Dangerous data: how information has been weaponised
The RSA conference in San Francisco heard of threats by botnets and connected devices
The weaponisation of information: Wars once fought on land, at sea and in the air are now being fought online.
Welcome to the age of weaponised information. As if you didn’t have enough to worry about, your smartphone and other connected devices could threaten the very fabric of society.
Scaremongering? Not in the opinions of the experts at the RSA conference in San Francisco last week, attended by some 43,000 security professionals.
The event was officially built around business-driven security – a term the organisers describe as an approach to “managing risk in an ever-changing cybersecurity landscape”.
Discussions were dominated by new and unprecedented security threats posed not only to businesses, but also to citizens, to infrastructure and to governments as a result of what some speakers termed the “weaponisation of information”.

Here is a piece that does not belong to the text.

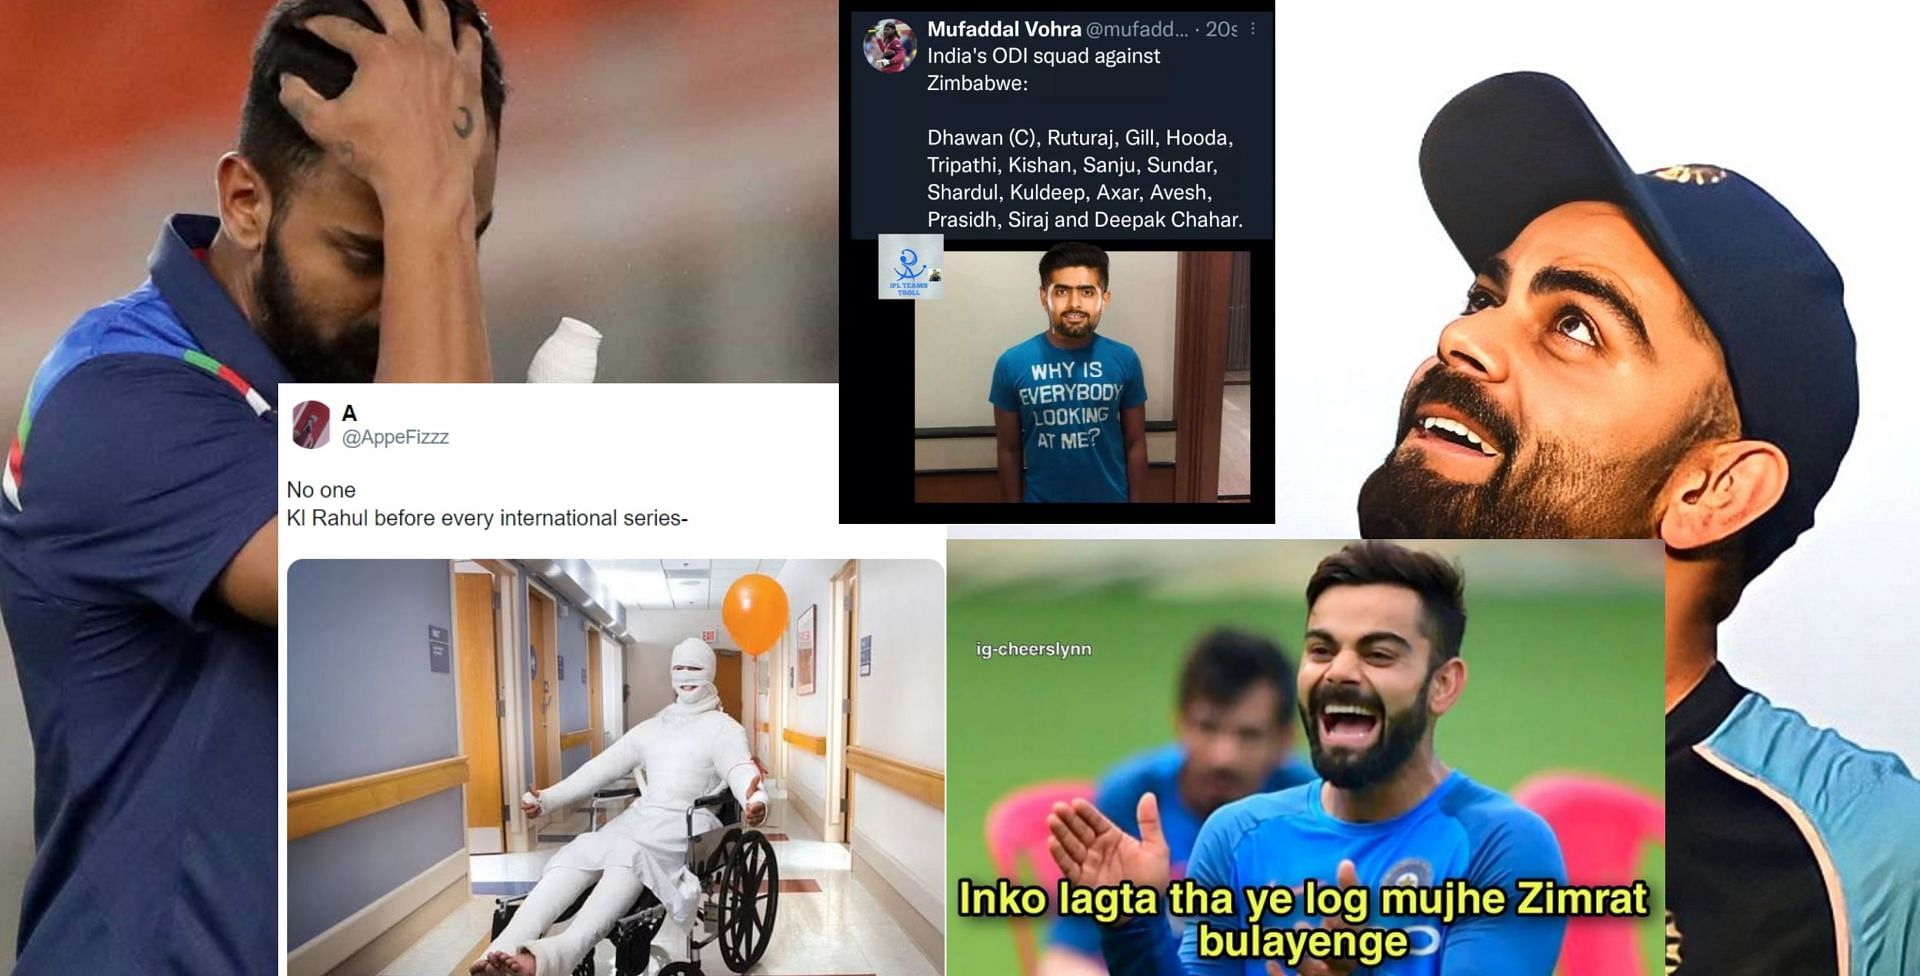 Fans react to the announcement of the Indian squad for the Zimbabwe tour.

The term was largely used in the context of nation-state cyberattacks, such as the Russian hack of Democratic National Committee emails during the US election campaign last year, but threats posed by botnets and the proliferation of connected devices were also prominent.
Democracy at risk
Michael McCaul, chairman of the House Homeland Security Committee said the Russian threat was about more than just espionage. That hack was the biggest wake-up call yet that cyber-intrusions had the potential to jeopardise “the very fabric of our republic”, he said. “Our democracy itself is at risk.”
The fake news controversies that also emerged from the US election are evidence enough that this isn’t an exaggeration. Wars once fought on land, at sea and in the air, were now being fought online, as Brad Smith of Microsoft put it.
But the “weaponisation of information” analogy might also apply to other contexts, such is the unstoppable growth in data and its potential.
Information may also be effectively weaponised through incompetence, through employee malice or through unidentified or unrecognised business risk. And whatever about malice, scandal after scandal shows a lack of awareness of the risks posed by personal data runs rife through many organisations, both public and private.
If organisations aren’t already treating their data as both a business asset and a risk, then they will be hopelessly unprepared for the new General Data Protection Regulation by next year – another issue which also bubbled under the surface in San Francisco. Rashmi Knowles, chief security architect at RSA, told The Irish Times she believed the level of awareness was still low.
Several speakers said the regulation needed to be an immediate issue at every board meeting in every company between now and May 2018, when it comes into force.
Terence Spies, chief technologist of Hewlett Packard Enterprise, noted that cyber-attackers not only had the ability to harvest business data from a single hack on a company; they could also glean information from competitors and from other industries, potentially building up correlations not even available to the business itself. Industrial espionage is yet another way in which information may become weaponised.
While the hacking demonstrations at such conferences can be the “fun” part, the ease with which millions of connected devices might now potentially be taken over by criminals is a deadly serious risk that may also require new and innovative forms of regulation. In the wrong hands, everyday devices, unbeknown to the owners, can become weapons in the form of botnets.
Fewer attackers may now do more damage because of their ability to scale such attacks, according to cryptographer Bruce Schneier.
He suggests regulation to address the rampant connectivity of devices is inevitable, and that it might be necessary to establish a state agency to create and oversee safety standards for “Internet of Things” devices.
His suggestion that internet-connected devices should perhaps carry a label identifying their properties and expected behaviour, along the lines of the regulation of food safety or medical devices, seems sensible enough.
Recalling the “collect it all” mantra of Keith Alexander, the former National Security Agency director, Schneier told the conference that governments and corporations were “still punch-drunk on data”.
We are now in the era of “connect it all”.
Under the guise of improving services for everyone, governments and public authorities – including in this State – are also finding new ways to gather and use data about citizens.
But used inappropriately, incompetently, without proper planning, without a proper legal basis or without appropriate governance, that data too becomes weaponised and open to abuse, manipulation or attack.
Information has always been used as a weapon. But we are light years on from former MI5 head Dame Stella Rimington’s spy tales at the conference, in which she described “blokes with kettles” steaming open letters in the 1960s.
The volume, velocity and variety of information – connected and analysed in innovative ways and by machines rather than by humans – now makes it infinitely dangerous, infinitely open to manipulation and to inadvertent disclosure or breach; it leaves governments, businesses and citizens exposed in new ways every day.
In the wrong hands, millions are lost, businesses collapse or come under regulatory scrutiny, and in the worst-case scenarios, lives are ruined.